Mike Ehrmantraut arrives at Stacey's home to watch Kaylee, but finds she hired another babysitter. She tells Mike she does not feel comfortable leaving Kaylee with him as a result of his previous outburst. (Note: As depicted in "50% Off".) As Mike is walking home, he is set upon by the street thugs he previously encountered. (Note: As seen in "The Guy for This".) They beat and stab him, and Mike wakes up in a pueblo at an unknown location.

==Production==
"Namaste" is the directorial debut of Gordon Smith, who had started off as a production assistant on Breaking Bad before becoming a screenwriter for both that show and Better Call Saul. In addition, Smith wrote the screenplay. The episode marks the final appearance of Dean Norris in the Breaking Bad franchise as Hank Schrader.

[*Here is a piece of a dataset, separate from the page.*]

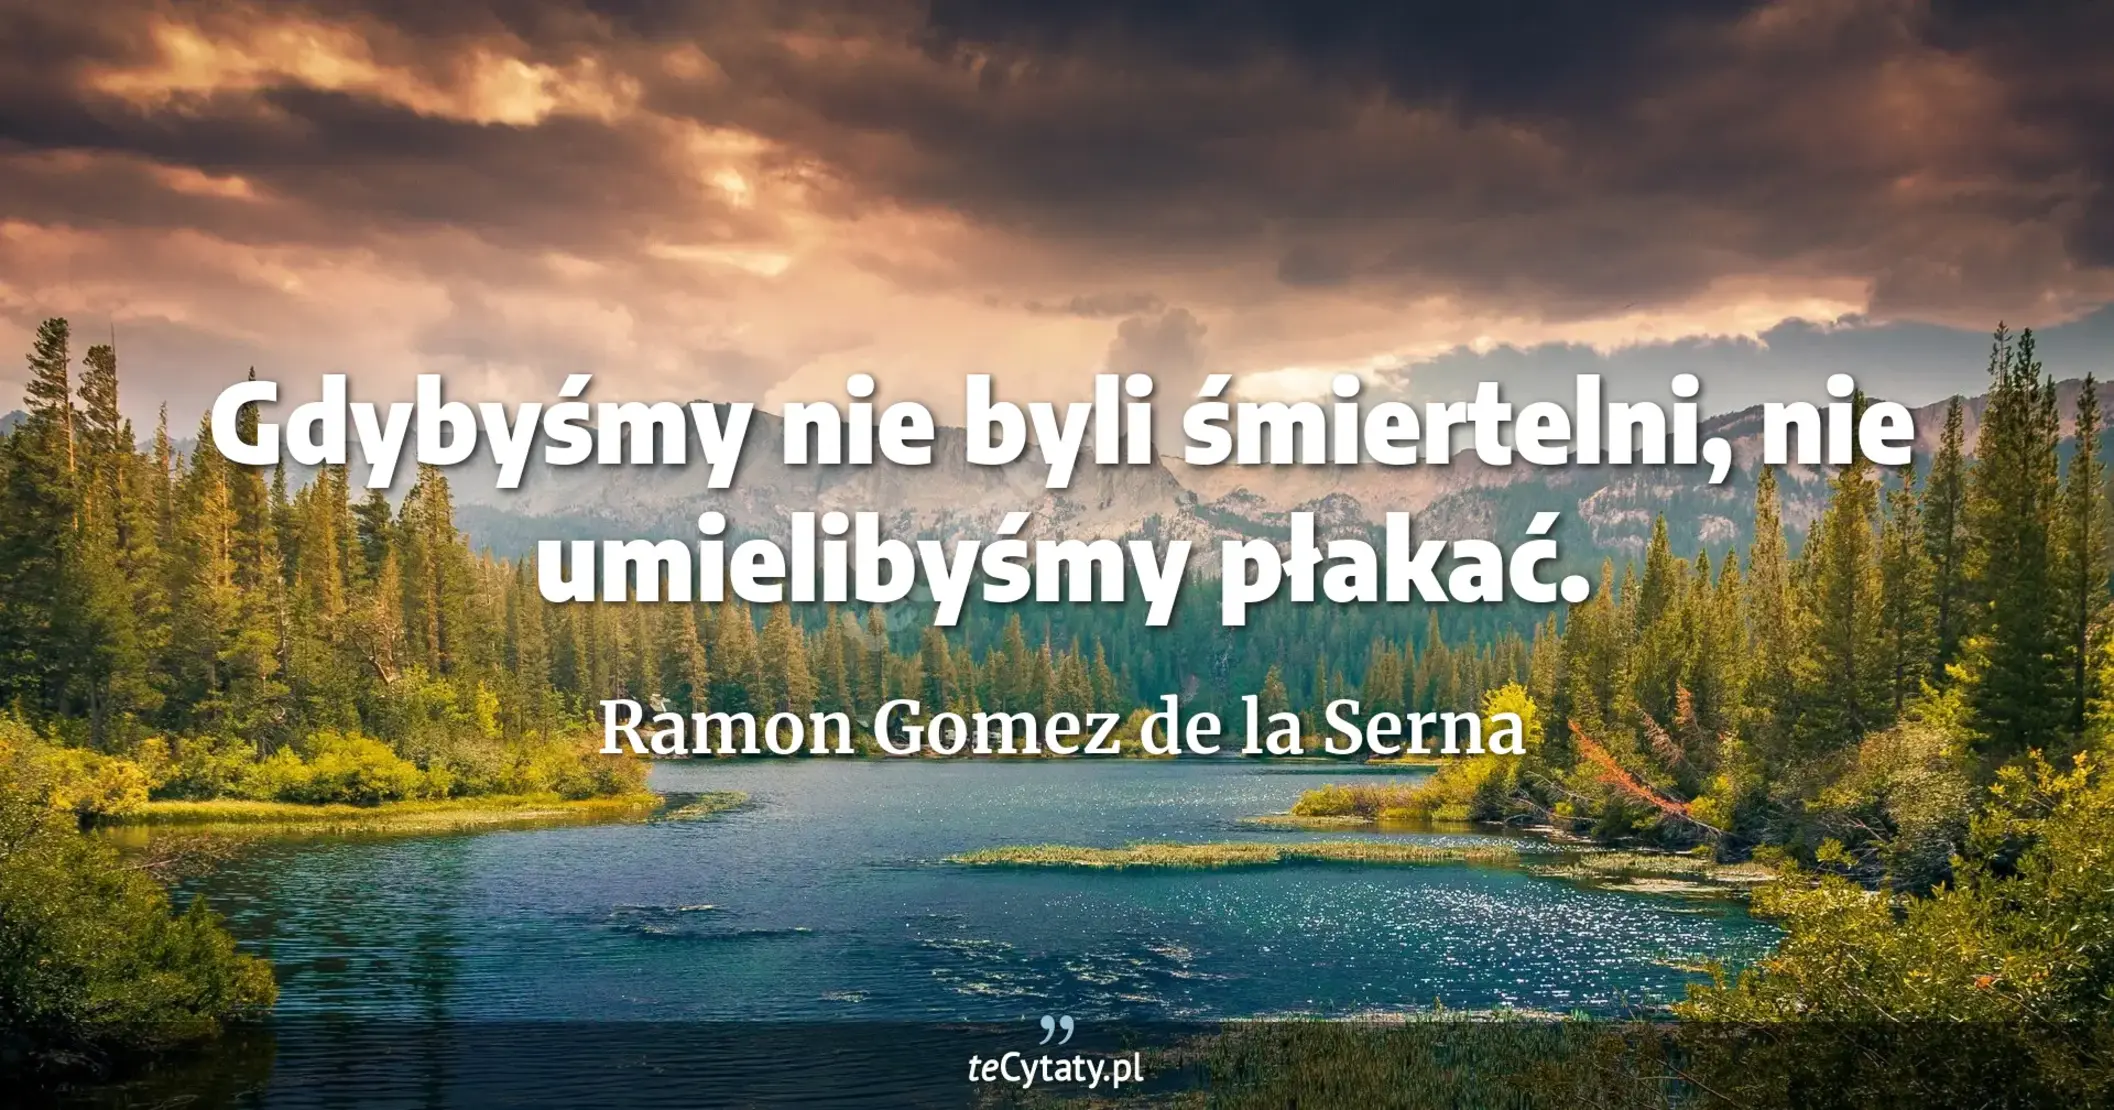 Gdybyśmy nie byli śmiertelni, nie umielibyśmy płakać. - Ramon Gomez de la Serna

Namaste is a Sanskrit customary greeting; in the episode, it is depicted on the vanity license plate ("NAMAST3") of Howard's car.

==Reception==
"Namaste" received critical acclaim. On Rotten Tomatoes, it garnered a 92% rating with an average score of 8.21/10 based on 14 reviews. The site's critical consensus is, "Everyone is struggling to keep their cool in a Better Call Saul entry that meticulously sets up the season's storytelling pins, racking up suspense for the impending bowling ball that'll knock everything down."

===Ratings===
"Namaste" was watched by 1.22 million viewers on its first broadcast, which was a slight increase from the previous week of 1.18 million.